Right now, most researchers are working on either sensors or drug-delivery systems, but not both. "Everybody who is in this field is working toward closed-loop technology, but it's at least 10 years away," says Therafuse's Sage.

A very different kind of semiconductor drug-delivery system, the quantum dot approach, might be just as far away. Quantum dots are crystals—often of the II-VI semiconductor cadmium selenide—which, because they are mere nanometers across, retain the quantum properties of single atoms. Critical for biomedical applications, these properties include the ability to absorb and emit photons of a very specific wavelength.

In single atoms, the wavelength depends on the type of atom involved, but with quantum dots the stimulation wavelength is related to their size. Smaller dots absorb and give off a shorter wavelength—that is, the light they absorb and emit is closer to the violet end of the spectrum—whereas larger dots produce longer wavelengths closer to the red end.

Most of the current commercial investment in quantum dots is related to their use in computing applications and lasers. The market for quantum dot-based chemicals for biomedical research—now roughly US $720 million—has also been growing, says Stefanie Lattner, portfolio executive at the publicly funded venture capital firm Innovation Works, in Pittsburgh. But at the moment, no venture capital money is chasing drug-delivery applications, she says.

That may be because studies of the therapeutic uses of quantum dots are still mainly at the academic level. Shuming Nie, adjunct professor of biomedical engineering at Emory University in Atlanta, is one of the first researchers to investigate quantum dots as drug-delivery systems. Specifically, Nie has chemically bound the breast and prostate cancer drug Taxol to quantum dots in an effort to deliver it specifically to tumor cells, leaving the rest of the body unaffected [see illustration, "Dots Spell Doom for Tumors"].

The scheme could increase the drug's efficacy and reduce its side effects. The American Cancer Society, in Atlanta, estimates that in 2004, 15 percent of cancer deaths among U.S. women will be from breast cancer; similarly, 10 percent of cancer deaths among U.S. men will be from prostate cancer.

Nie's group started its research by studding the Taxol-bound quantum dots with a molecule that binds to folic acid receptors, which are present on tumor cells at concentrations roughly 1000 times those found on normal cells. The receptor-targeting molecule allows the nanoparticles to home in preferentially on cancer cells. In work published in August, the Emory scientists got even better results using antibodies against prostate cancer cells rather than folic acid binders.
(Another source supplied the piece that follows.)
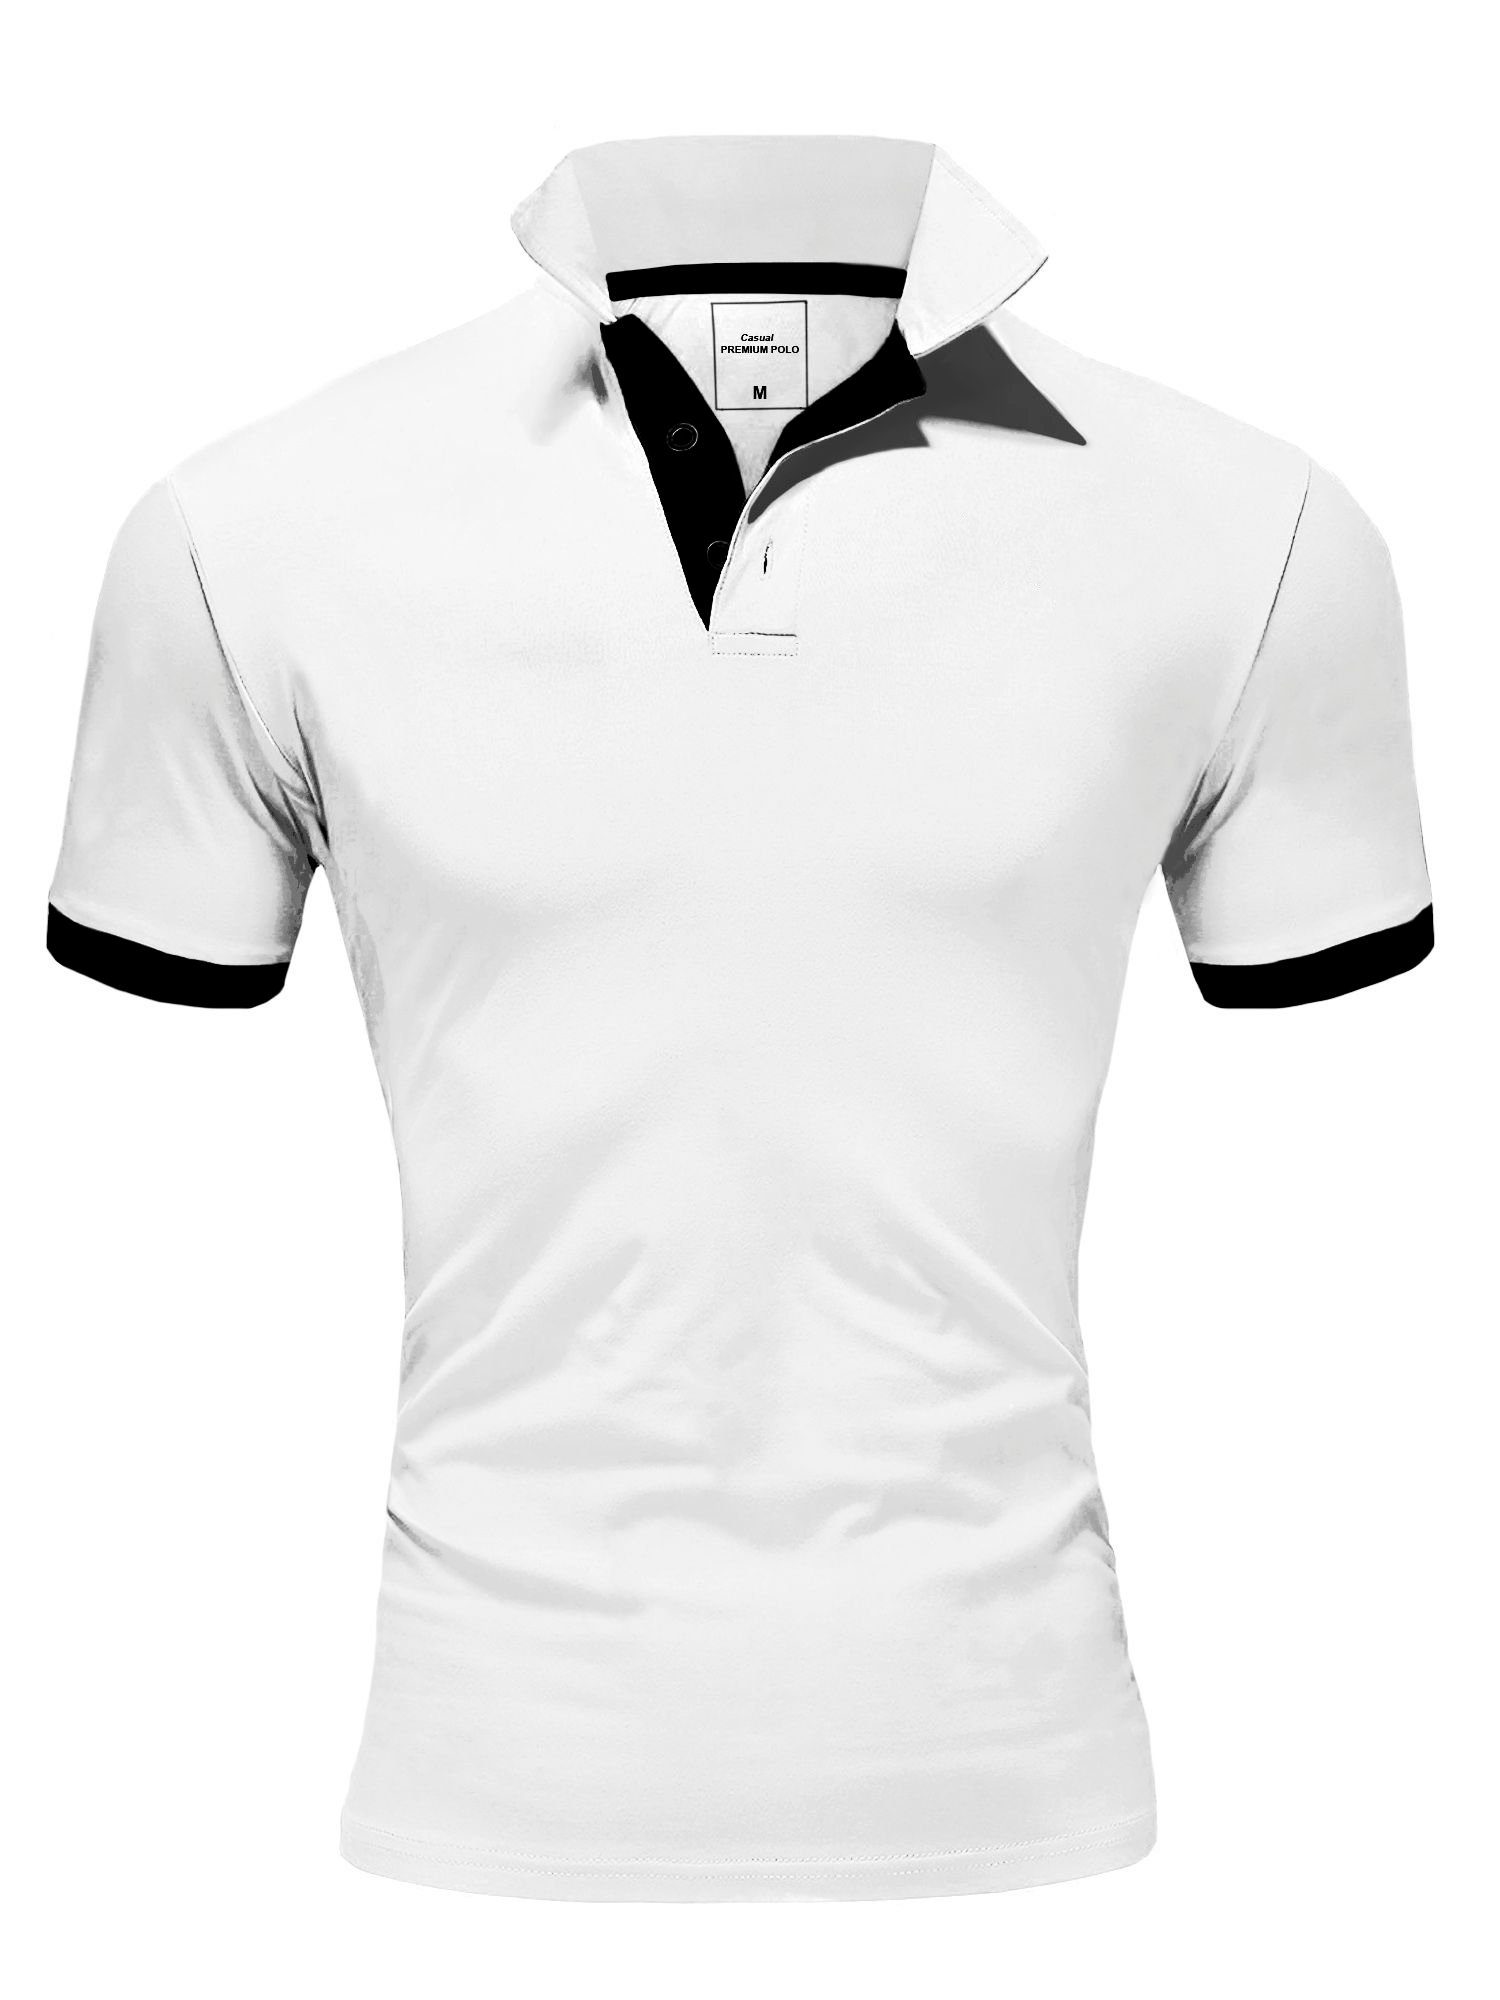 Weiße Poloshirts für Herren kaufen » Weiße Polohemden | OTTO

Nie and his co-workers injected the Taxol-coated nanoparticles into mice that had been surgically implanted with human prostate tumors. After the injections, they illuminated the mice with infrared light, which penetrates into their tissues and excites the quantum dots [see photo, "Diagnosis by Dot"]. As the energy states of the dots fall back, they emit energy sufficient to cleave the bonds between the Taxol and the particles, releasing the drug to attack tumor cells. "We have evidence that our quantum dot conjugates can get into cancer cells and kill them," says Nie.

He acknowledges that the approach will be more difficult for human patients, whose bodies are thicker than that of the average mouse. Infrared light will penetrate only a few centimeters into living tissues. "I don't think there's any hope for this in treating cancers of the internal organs," says Nie, "but it might work for [the skin cancer] melanoma or for breast cancer."